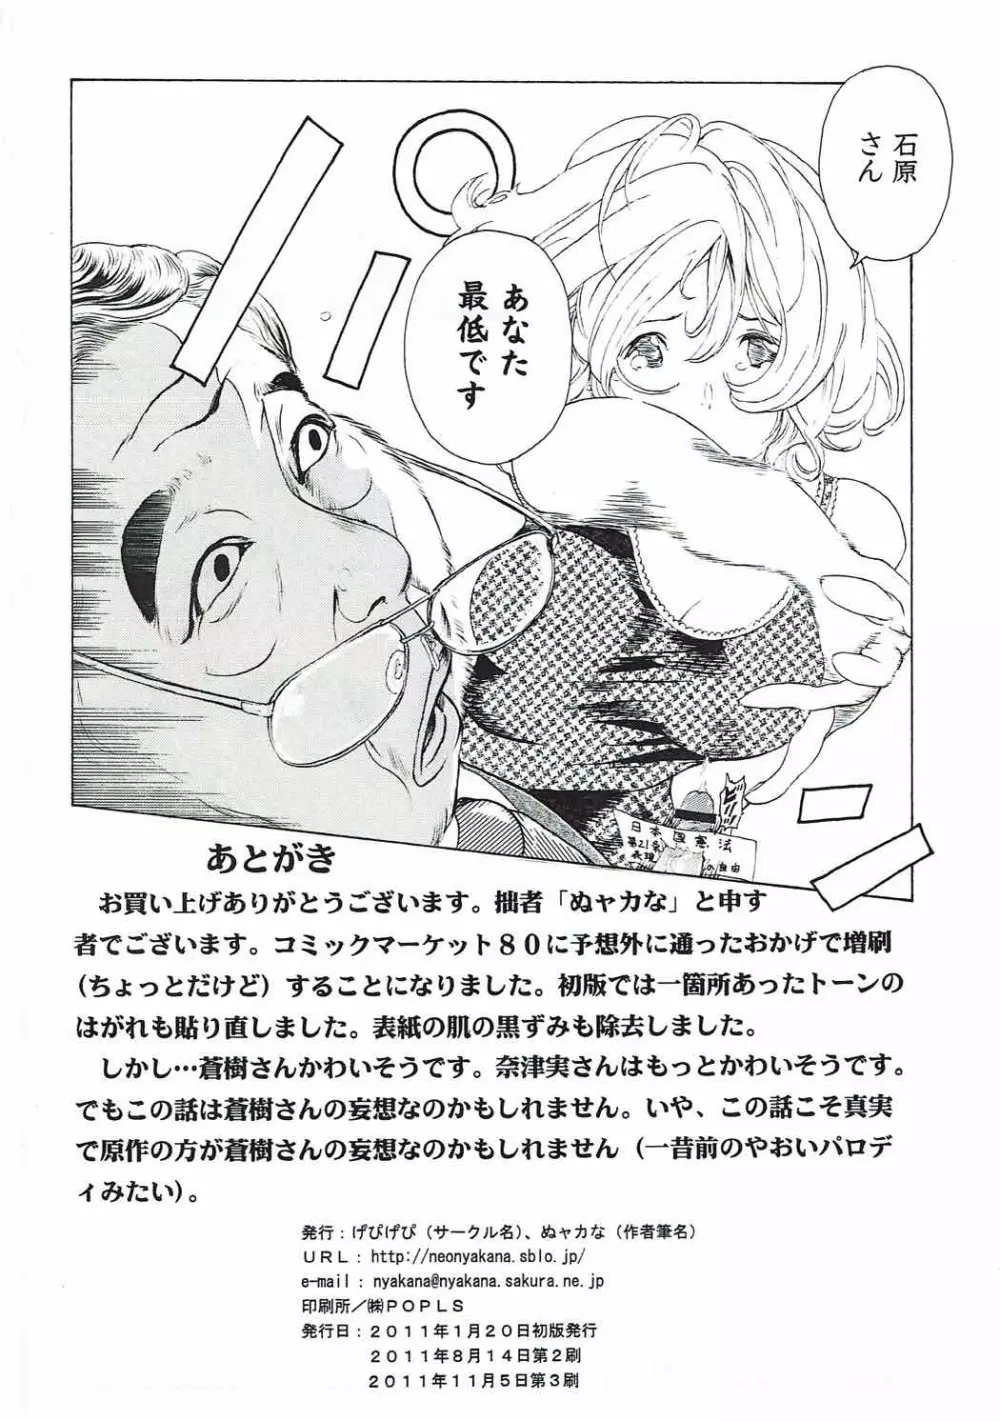 [け゜ぴけ゜ぴ (ぬャカな)] MANKOKU漫画家(とアシスタント)残酷物語 (バクマン。) 37ページ
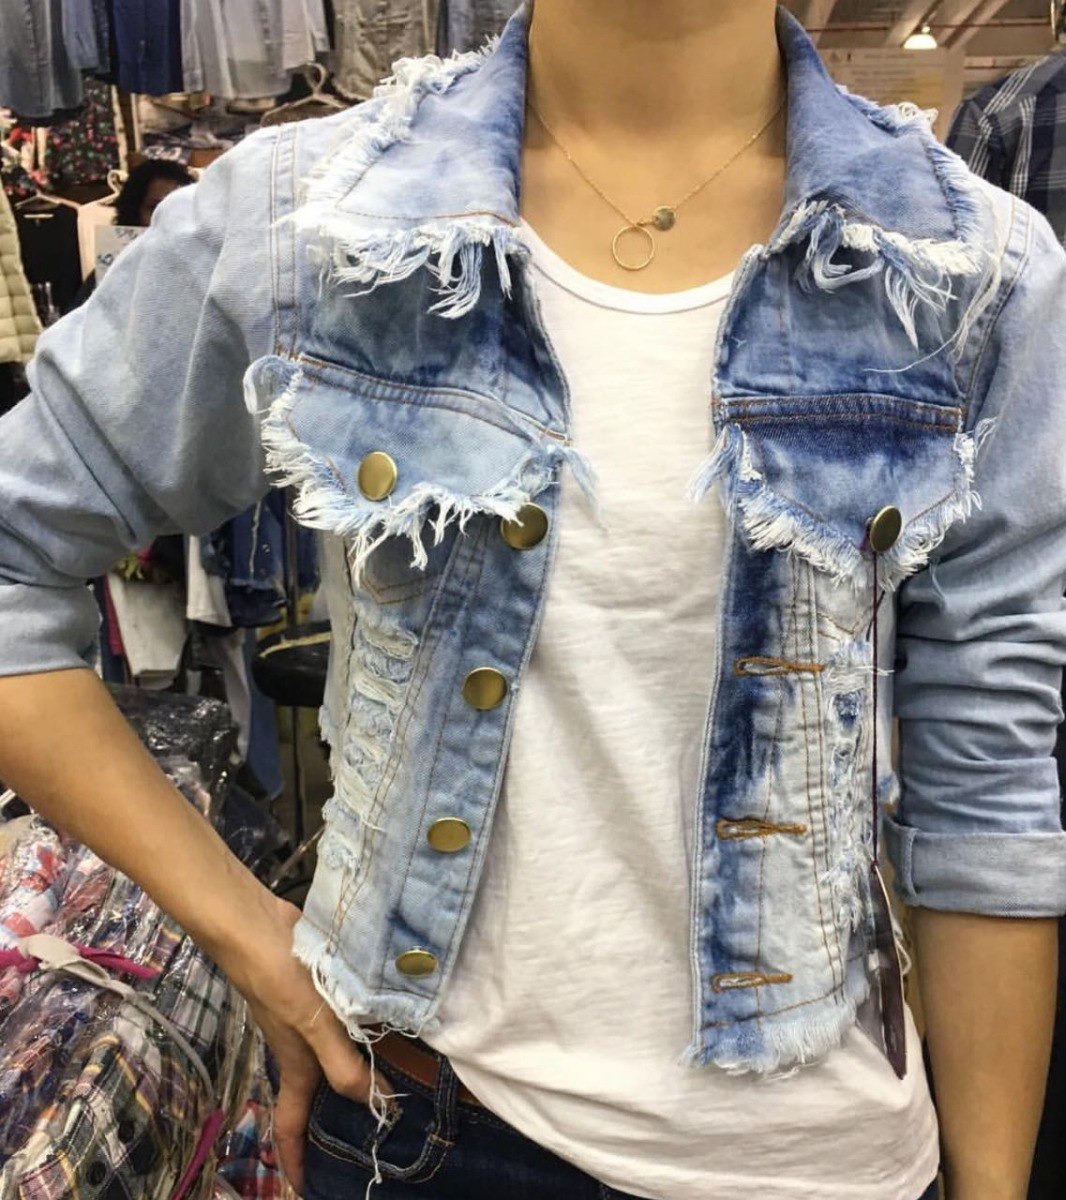 jaquetas femininas jeans mercado livre
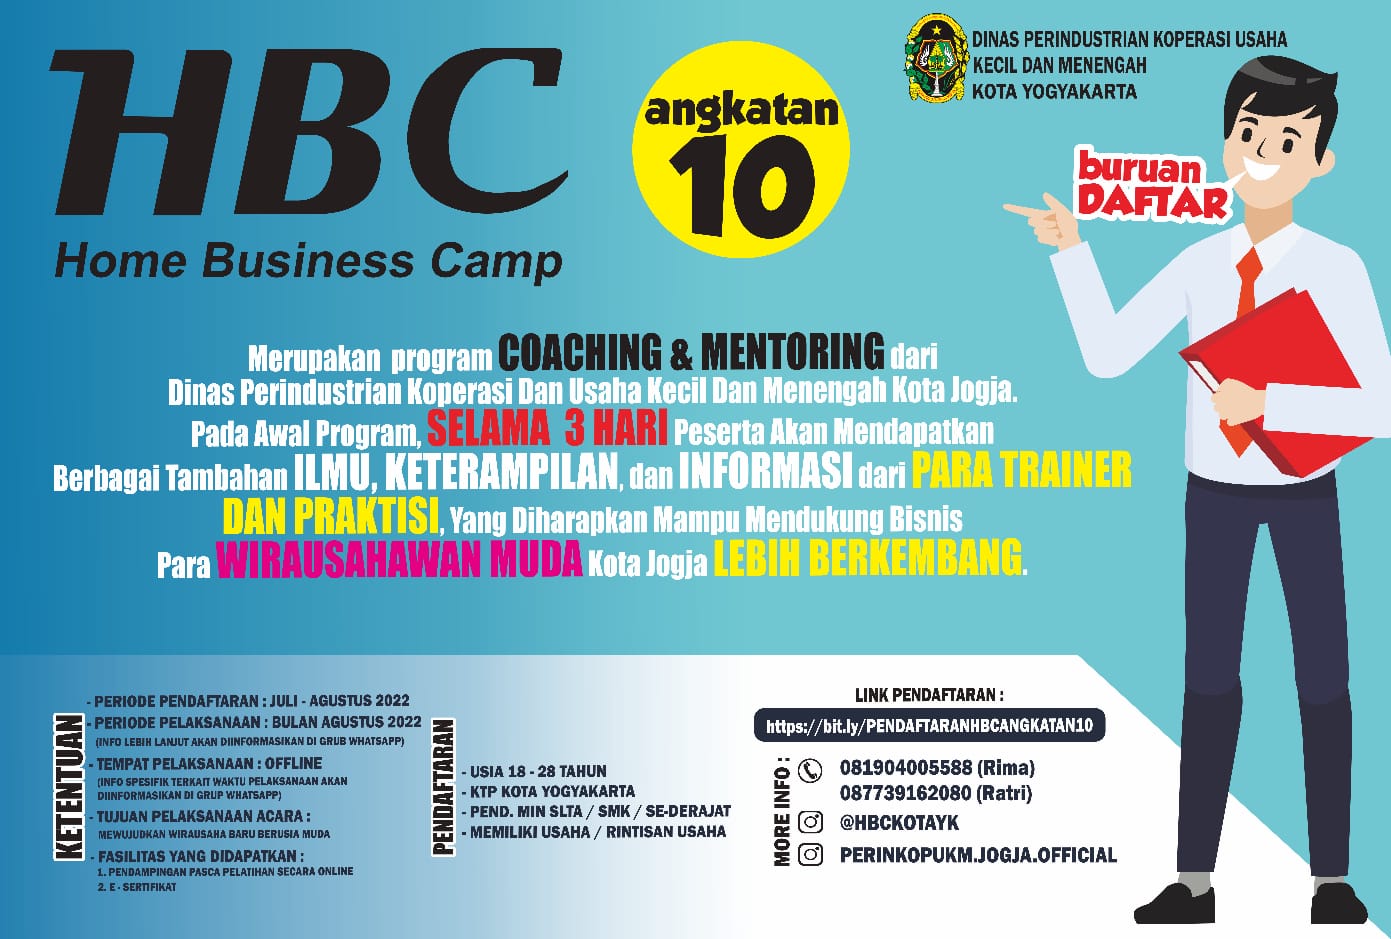 TELAH DIBUKA PENDAFTARAN HOME BUSINESS CAMP (HBC) ANGKATAN 10
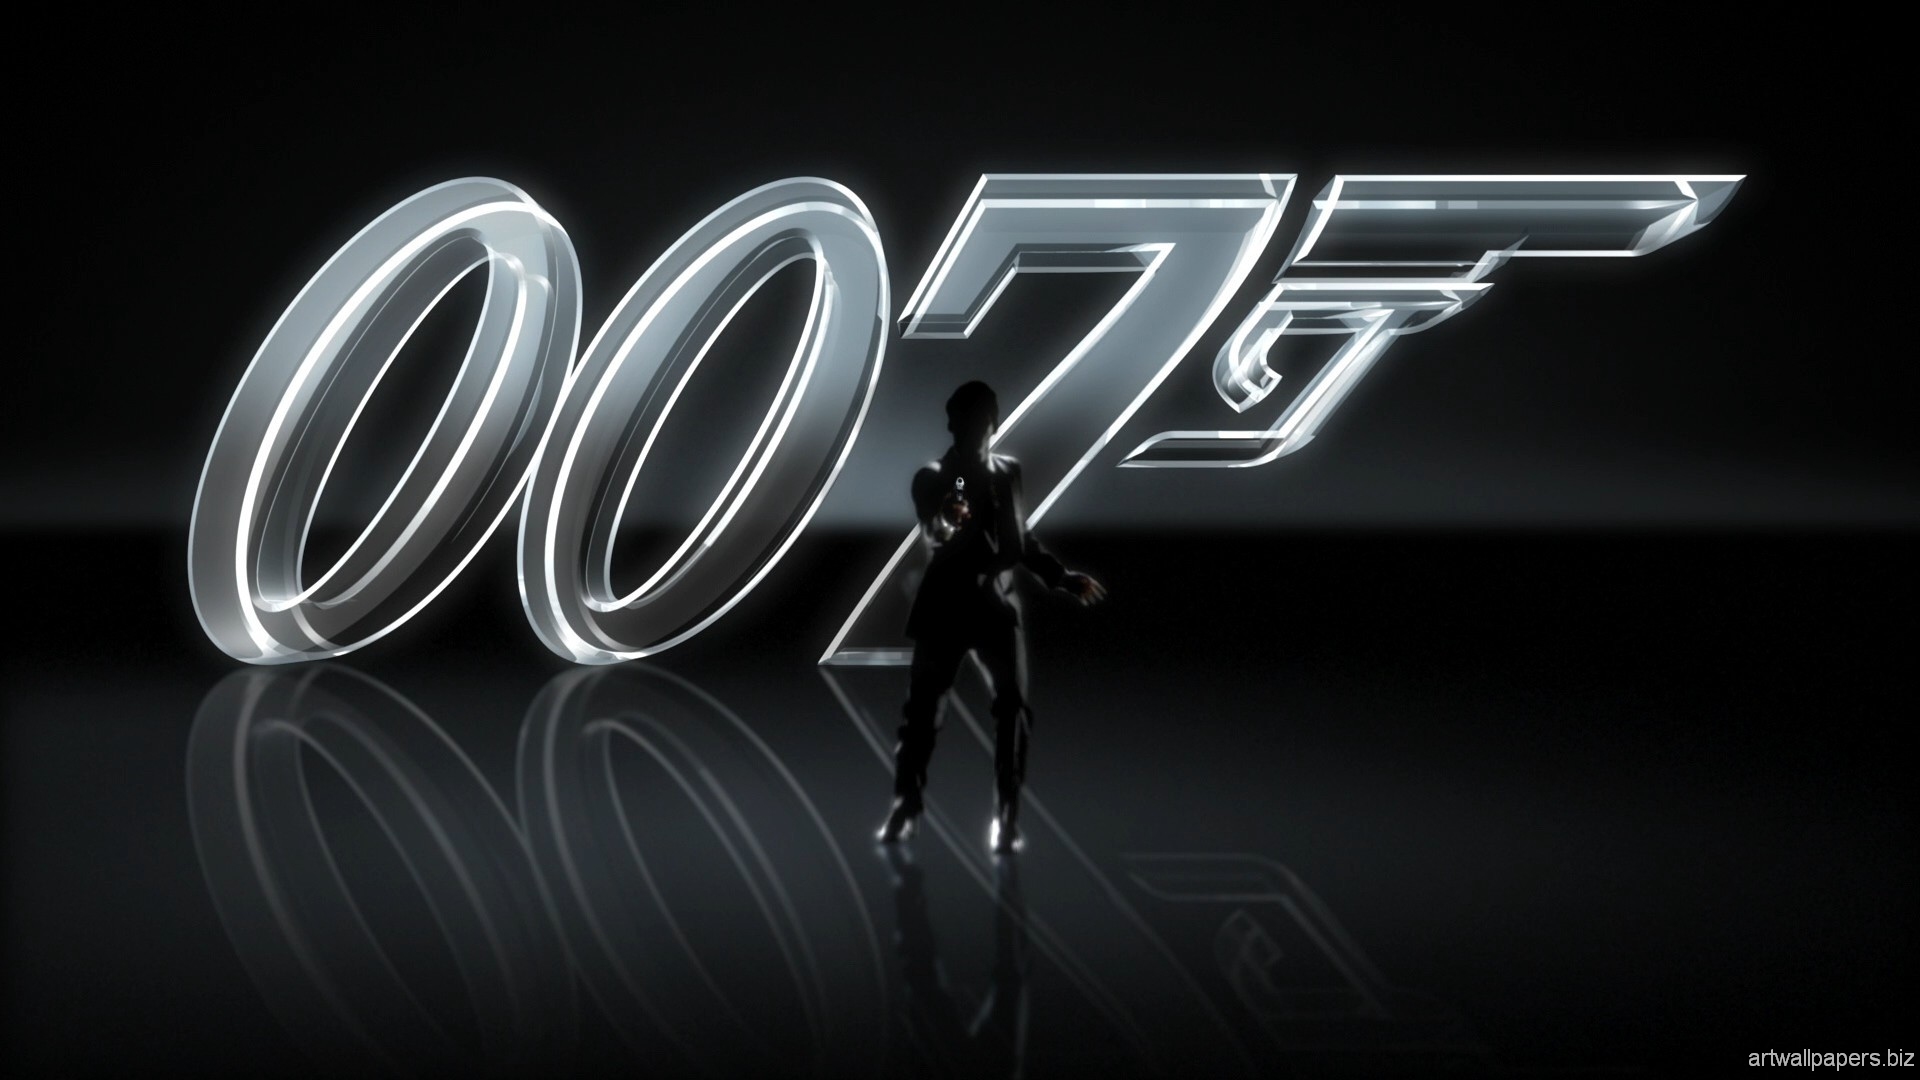 james bond 007 fond d'écran,texte,police de caractère,conception graphique,graphique,ténèbres

### Action item
Restate the data above word for word. Skip every picture.

### Written solution
 [け゜ぴけ゜ぴ (ぬャカな)] MANKOKU漫画家(とアシスタント)残酷物語 (バクマン。) 37ページ
 jaquetas femininas jeans mercado livre
 TELAH DIBUKA PENDAFTARAN HOME BUSINESS CAMP (HBC) ANGKATAN 10
 james bond 007 fond d'écran,texte,police de caractère,conception graphique,graphique,ténèbres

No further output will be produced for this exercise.